• About this task: Repeat each entry exactly.

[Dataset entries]
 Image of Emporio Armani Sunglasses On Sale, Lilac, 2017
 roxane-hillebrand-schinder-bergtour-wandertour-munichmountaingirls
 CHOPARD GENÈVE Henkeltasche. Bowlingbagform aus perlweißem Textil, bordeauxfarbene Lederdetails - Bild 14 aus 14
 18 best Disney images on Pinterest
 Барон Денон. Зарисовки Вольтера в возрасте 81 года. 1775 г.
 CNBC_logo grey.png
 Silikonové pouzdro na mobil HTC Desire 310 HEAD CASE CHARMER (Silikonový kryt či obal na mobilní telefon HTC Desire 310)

• Task answer:
 Image of Emporio Armani Sunglasses On Sale, Lilac, 2017
 roxane-hillebrand-schinder-bergtour-wandertour-munichmountaingirls
 CHOPARD GENÈVE Henkeltasche. Bowlingbagform aus perlweißem Textil, bordeauxfarbene Lederdetails - Bild 14 aus 14
 18 best Disney images on Pinterest
 Барон Денон. Зарисовки Вольтера в возрасте 81 года. 1775 г.
 CNBC_logo grey.png
 Silikonové pouzdro na mobil HTC Desire 310 HEAD CASE CHARMER (Silikonový kryt či obal na mobilní telefon HTC Desire 310)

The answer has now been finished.